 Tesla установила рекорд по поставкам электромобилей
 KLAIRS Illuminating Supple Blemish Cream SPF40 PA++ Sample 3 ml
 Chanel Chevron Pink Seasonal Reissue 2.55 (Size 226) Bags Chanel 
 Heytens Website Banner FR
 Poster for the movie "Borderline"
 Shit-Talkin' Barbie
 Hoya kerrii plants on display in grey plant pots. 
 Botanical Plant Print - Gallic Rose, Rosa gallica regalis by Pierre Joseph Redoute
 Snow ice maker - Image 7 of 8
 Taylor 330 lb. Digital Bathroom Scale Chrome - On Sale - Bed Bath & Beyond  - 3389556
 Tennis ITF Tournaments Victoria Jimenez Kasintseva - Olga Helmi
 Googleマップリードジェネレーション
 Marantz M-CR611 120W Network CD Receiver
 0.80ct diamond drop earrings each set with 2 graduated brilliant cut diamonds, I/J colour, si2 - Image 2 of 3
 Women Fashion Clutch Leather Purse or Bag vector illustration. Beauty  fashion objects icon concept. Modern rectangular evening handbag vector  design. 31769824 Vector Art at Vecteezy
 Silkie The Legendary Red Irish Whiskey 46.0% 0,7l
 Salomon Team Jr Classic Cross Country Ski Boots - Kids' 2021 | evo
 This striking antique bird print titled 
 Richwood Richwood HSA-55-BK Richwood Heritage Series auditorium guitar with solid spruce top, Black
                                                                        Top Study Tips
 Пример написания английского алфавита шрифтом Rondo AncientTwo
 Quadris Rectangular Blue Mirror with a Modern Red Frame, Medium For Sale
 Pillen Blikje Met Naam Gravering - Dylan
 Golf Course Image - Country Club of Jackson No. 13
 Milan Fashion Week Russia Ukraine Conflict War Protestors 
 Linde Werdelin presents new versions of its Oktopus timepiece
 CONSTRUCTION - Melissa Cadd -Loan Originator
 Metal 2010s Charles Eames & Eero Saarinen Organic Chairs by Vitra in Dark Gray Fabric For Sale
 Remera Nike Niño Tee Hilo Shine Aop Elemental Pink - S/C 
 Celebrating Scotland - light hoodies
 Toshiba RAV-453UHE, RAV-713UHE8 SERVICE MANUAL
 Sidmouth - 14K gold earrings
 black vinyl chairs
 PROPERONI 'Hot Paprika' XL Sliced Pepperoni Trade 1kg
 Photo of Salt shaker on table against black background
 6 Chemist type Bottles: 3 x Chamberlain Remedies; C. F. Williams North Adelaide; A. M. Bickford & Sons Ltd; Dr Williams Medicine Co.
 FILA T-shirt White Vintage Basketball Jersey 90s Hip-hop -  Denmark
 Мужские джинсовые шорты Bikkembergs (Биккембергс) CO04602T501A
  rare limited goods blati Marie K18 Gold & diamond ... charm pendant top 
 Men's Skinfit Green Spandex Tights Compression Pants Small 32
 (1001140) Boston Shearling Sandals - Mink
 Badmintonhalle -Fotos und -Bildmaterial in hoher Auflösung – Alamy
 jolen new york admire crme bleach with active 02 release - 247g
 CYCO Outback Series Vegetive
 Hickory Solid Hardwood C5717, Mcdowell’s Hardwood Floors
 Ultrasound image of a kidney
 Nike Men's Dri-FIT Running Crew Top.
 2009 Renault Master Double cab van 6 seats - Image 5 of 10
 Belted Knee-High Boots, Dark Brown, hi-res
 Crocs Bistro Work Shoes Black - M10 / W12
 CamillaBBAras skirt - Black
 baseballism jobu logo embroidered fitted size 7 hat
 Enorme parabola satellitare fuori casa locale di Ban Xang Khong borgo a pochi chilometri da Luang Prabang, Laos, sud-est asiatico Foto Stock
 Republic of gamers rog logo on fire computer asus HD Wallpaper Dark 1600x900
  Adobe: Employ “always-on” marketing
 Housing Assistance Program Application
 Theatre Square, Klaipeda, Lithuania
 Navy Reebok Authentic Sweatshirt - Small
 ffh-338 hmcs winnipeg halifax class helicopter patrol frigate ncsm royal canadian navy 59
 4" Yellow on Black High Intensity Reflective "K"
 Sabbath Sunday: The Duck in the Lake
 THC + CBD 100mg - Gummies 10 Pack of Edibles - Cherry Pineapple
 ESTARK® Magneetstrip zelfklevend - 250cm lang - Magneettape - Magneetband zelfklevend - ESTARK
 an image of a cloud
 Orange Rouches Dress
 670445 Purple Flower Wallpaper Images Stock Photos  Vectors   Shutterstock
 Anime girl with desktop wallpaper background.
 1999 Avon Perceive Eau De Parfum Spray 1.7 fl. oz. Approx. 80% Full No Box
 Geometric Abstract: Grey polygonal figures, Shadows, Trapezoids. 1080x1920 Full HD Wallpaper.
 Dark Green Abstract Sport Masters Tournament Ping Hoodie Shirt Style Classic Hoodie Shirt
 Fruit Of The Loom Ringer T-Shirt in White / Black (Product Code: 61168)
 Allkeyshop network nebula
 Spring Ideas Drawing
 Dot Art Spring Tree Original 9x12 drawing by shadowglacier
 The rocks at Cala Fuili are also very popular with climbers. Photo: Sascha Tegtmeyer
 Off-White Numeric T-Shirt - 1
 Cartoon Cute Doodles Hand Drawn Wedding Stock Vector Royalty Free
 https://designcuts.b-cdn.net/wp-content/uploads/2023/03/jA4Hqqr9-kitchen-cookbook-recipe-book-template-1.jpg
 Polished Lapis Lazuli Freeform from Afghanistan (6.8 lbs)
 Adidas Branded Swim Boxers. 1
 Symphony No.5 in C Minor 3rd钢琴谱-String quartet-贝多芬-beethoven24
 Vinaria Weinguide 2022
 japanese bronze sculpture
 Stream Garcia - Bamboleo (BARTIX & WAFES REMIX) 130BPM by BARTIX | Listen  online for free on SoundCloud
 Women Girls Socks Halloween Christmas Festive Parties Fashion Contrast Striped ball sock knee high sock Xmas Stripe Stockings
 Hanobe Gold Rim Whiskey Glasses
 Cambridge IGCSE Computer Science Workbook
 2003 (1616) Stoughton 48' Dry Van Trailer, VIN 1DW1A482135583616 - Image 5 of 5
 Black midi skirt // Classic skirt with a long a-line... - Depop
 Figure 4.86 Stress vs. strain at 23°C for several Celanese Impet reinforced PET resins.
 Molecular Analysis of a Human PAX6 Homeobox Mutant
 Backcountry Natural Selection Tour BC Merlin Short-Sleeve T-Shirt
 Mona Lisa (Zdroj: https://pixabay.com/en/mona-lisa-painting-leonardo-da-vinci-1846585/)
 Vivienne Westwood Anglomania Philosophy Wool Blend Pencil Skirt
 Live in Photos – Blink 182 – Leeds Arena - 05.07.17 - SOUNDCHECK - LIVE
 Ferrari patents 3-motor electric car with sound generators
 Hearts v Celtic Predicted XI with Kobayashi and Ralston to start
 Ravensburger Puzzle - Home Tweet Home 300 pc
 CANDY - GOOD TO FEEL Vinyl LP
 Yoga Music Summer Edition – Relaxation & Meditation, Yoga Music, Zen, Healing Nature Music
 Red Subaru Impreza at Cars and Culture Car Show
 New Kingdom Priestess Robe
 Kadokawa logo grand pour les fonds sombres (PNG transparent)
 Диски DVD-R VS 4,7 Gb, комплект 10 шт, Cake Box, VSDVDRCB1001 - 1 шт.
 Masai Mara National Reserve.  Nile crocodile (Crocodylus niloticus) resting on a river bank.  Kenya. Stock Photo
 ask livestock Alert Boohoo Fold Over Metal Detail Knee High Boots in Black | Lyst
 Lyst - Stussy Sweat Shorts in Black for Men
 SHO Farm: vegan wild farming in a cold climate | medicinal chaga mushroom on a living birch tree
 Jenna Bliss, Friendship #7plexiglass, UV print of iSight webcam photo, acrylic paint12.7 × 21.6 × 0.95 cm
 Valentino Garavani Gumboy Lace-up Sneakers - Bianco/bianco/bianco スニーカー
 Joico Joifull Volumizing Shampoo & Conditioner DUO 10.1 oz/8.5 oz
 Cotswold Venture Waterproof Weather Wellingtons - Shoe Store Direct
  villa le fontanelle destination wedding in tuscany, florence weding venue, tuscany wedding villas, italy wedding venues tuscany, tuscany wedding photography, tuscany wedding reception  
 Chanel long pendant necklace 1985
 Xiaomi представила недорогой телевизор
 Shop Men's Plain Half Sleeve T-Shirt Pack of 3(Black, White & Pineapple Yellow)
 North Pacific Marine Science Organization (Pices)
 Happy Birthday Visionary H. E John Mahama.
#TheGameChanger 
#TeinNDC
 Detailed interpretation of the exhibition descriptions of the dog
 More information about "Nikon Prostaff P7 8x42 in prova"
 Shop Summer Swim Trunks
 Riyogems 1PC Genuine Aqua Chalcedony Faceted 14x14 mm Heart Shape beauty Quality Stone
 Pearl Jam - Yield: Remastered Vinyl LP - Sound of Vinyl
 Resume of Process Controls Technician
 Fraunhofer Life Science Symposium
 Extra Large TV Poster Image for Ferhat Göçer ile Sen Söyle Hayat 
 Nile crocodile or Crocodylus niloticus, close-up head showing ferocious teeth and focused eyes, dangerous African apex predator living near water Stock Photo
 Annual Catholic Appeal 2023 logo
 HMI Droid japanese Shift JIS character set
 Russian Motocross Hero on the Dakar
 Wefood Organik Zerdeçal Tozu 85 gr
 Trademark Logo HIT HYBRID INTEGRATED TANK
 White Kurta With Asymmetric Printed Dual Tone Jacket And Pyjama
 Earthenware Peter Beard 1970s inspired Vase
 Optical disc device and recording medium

════

• What this task involves: Starting at the top of the data above, repeat every line exactly until the line containing "Top Study Tips" has been given, then stop.

• Written response:
 Tesla установила рекорд по поставкам электромобилей
 KLAIRS Illuminating Supple Blemish Cream SPF40 PA++ Sample 3 ml
 Chanel Chevron Pink Seasonal Reissue 2.55 (Size 226) Bags Chanel 
 Heytens Website Banner FR
 Poster for the movie "Borderline"
 Shit-Talkin' Barbie
 Hoya kerrii plants on display in grey plant pots. 
 Botanical Plant Print - Gallic Rose, Rosa gallica regalis by Pierre Joseph Redoute
 Snow ice maker - Image 7 of 8
 Taylor 330 lb. Digital Bathroom Scale Chrome - On Sale - Bed Bath & Beyond  - 3389556
 Tennis ITF Tournaments Victoria Jimenez Kasintseva - Olga Helmi
 Googleマップリードジェネレーション
 Marantz M-CR611 120W Network CD Receiver
 0.80ct diamond drop earrings each set with 2 graduated brilliant cut diamonds, I/J colour, si2 - Image 2 of 3
 Women Fashion Clutch Leather Purse or Bag vector illustration. Beauty  fashion objects icon concept. Modern rectangular evening handbag vector  design. 31769824 Vector Art at Vecteezy
 Silkie The Legendary Red Irish Whiskey 46.0% 0,7l
 Salomon Team Jr Classic Cross Country Ski Boots - Kids' 2021 | evo
 This striking antique bird print titled 
 Richwood Richwood HSA-55-BK Richwood Heritage Series auditorium guitar with solid spruce top, Black
                                                                        Top Study Tips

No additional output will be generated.